*** Opening of Extracted material ***
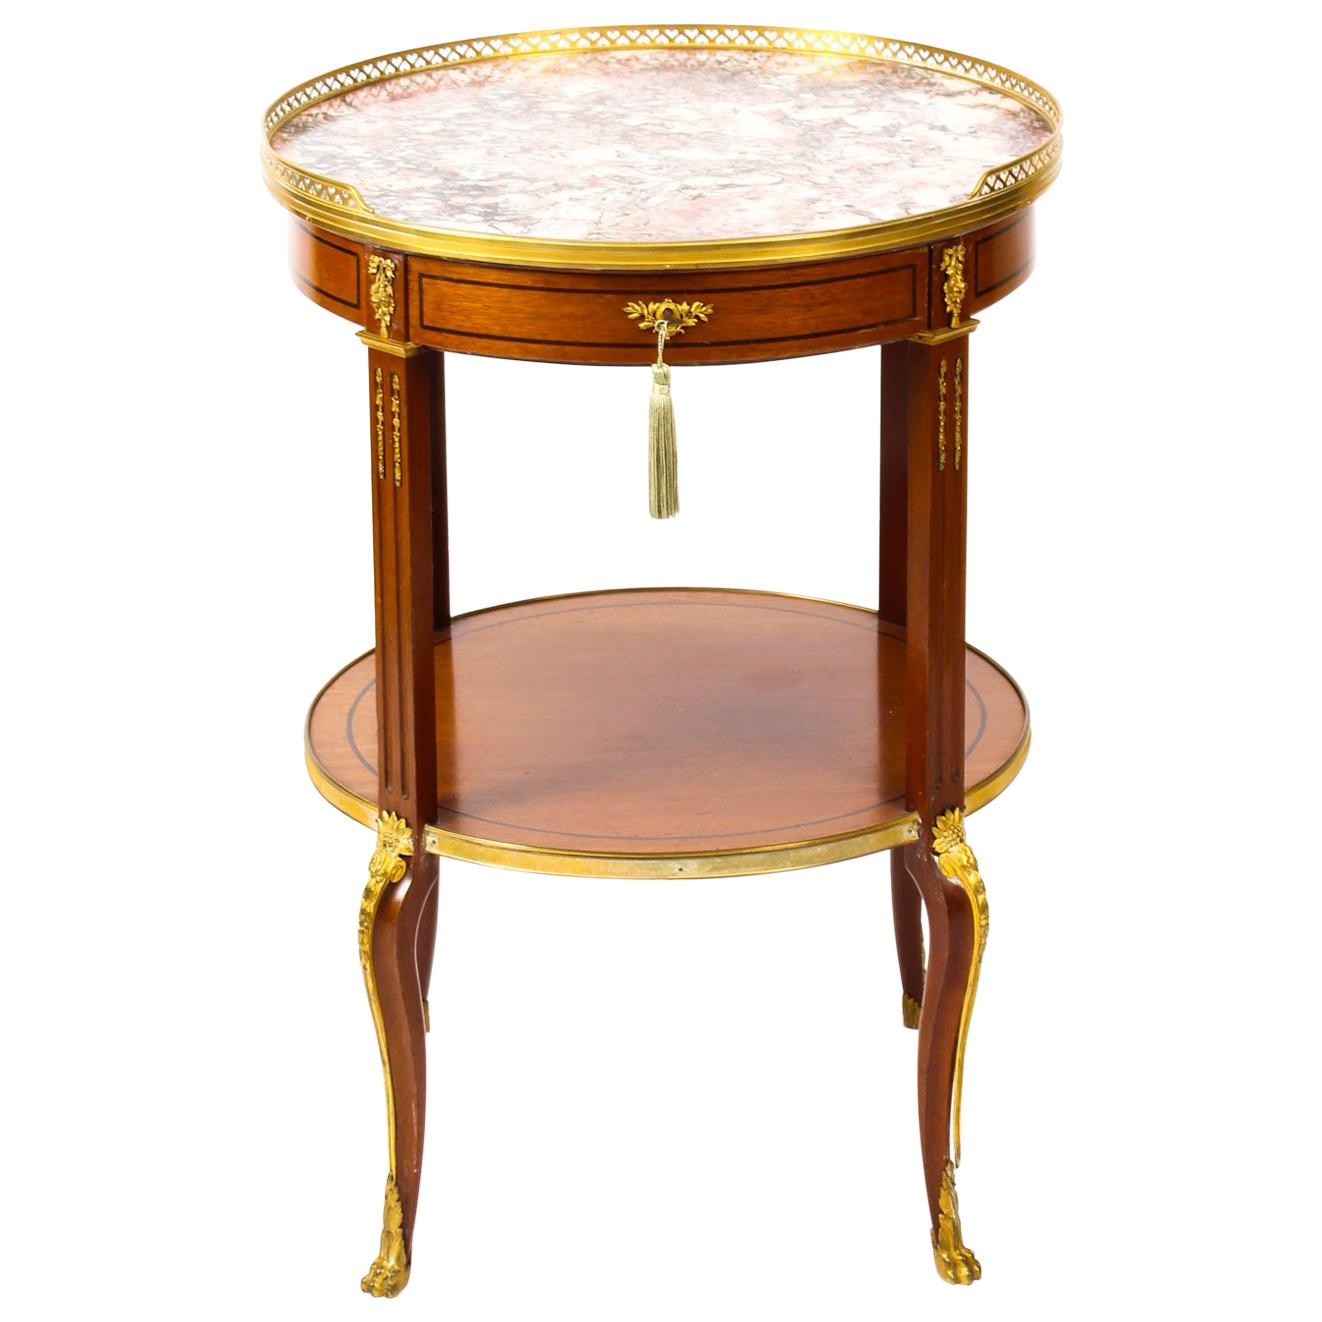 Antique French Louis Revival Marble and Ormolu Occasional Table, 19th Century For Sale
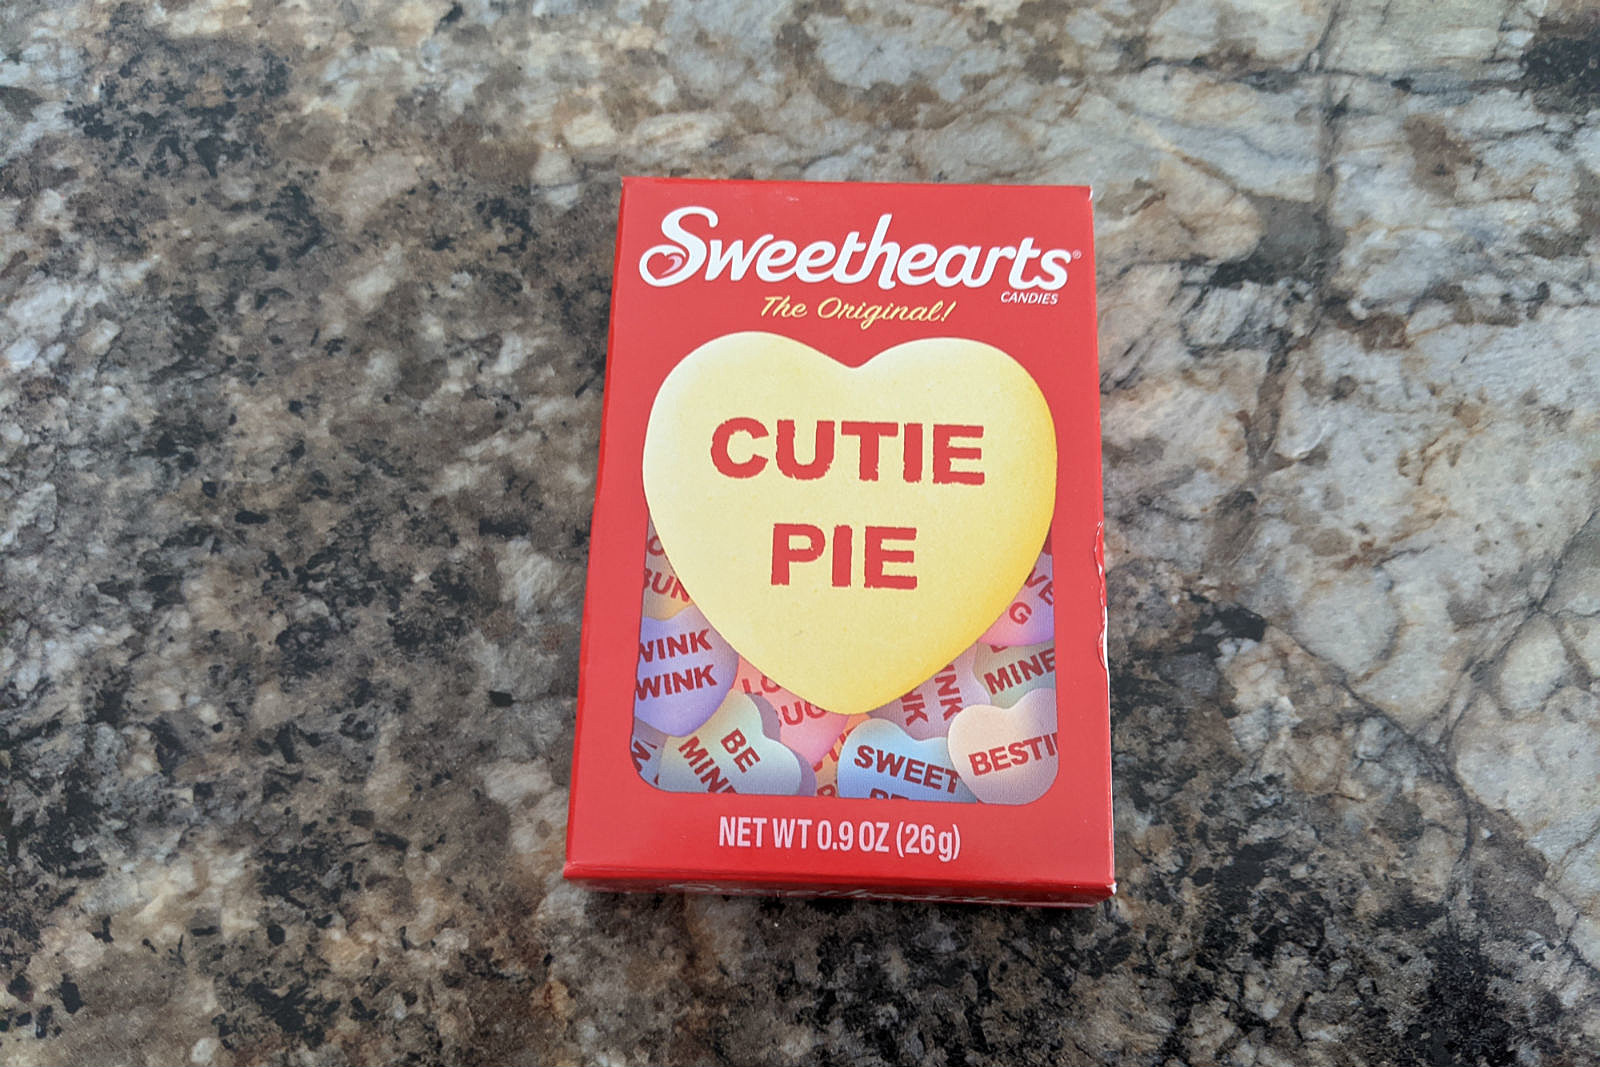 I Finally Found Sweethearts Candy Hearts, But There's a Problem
*** Close of Extracted material ***
*** Opening of Extracted material ***
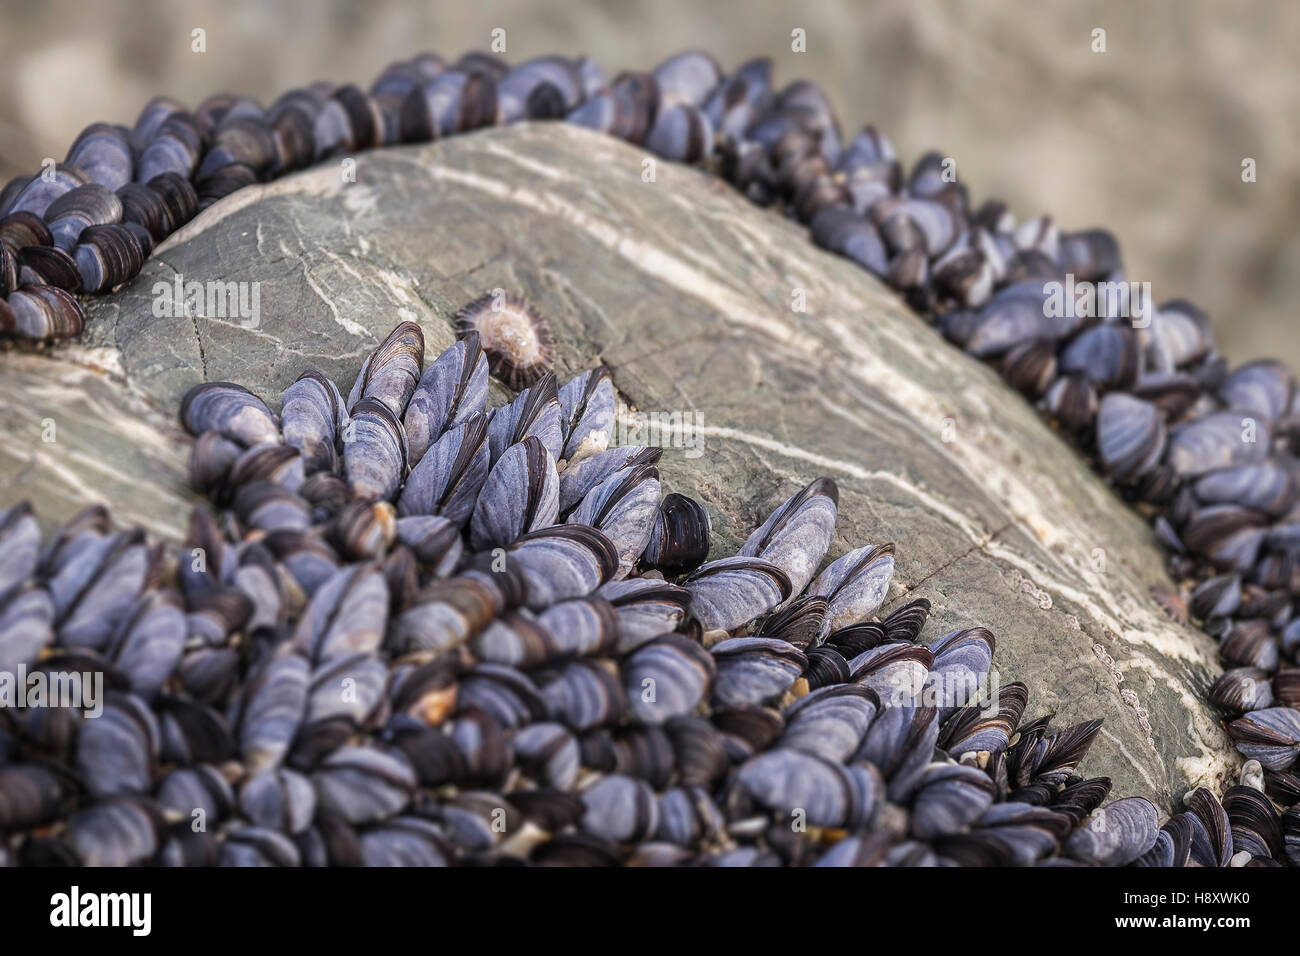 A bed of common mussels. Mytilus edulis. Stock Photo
*** Close of Extracted material ***
*** Opening of Extracted material ***
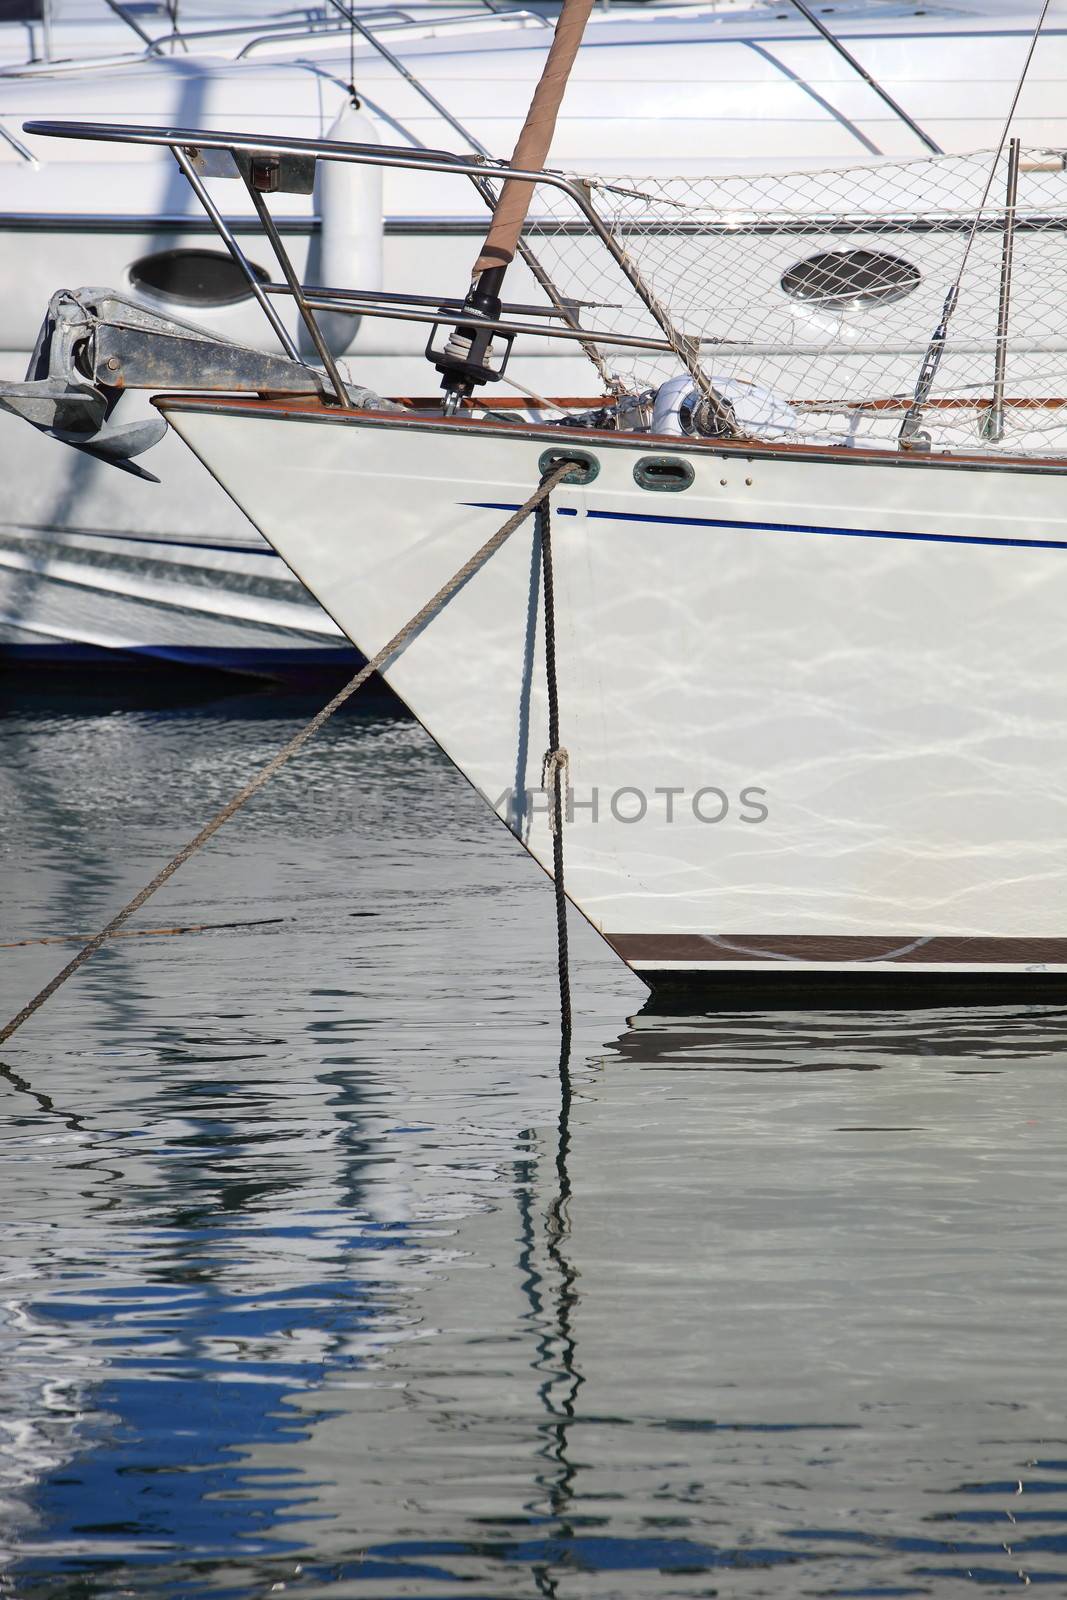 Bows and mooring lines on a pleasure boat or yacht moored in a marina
*** Close of Extracted material ***
For this exercise, please set down exactly the lines of the listing above from the line with "Antique French Louis" up to and including the line with "I Finally Found", and no pictures.

 Antique French Louis Revival Marble and Ormolu Occasional Table, 19th Century For Sale
 I Finally Found Sweethearts Candy Hearts, But There's a Problem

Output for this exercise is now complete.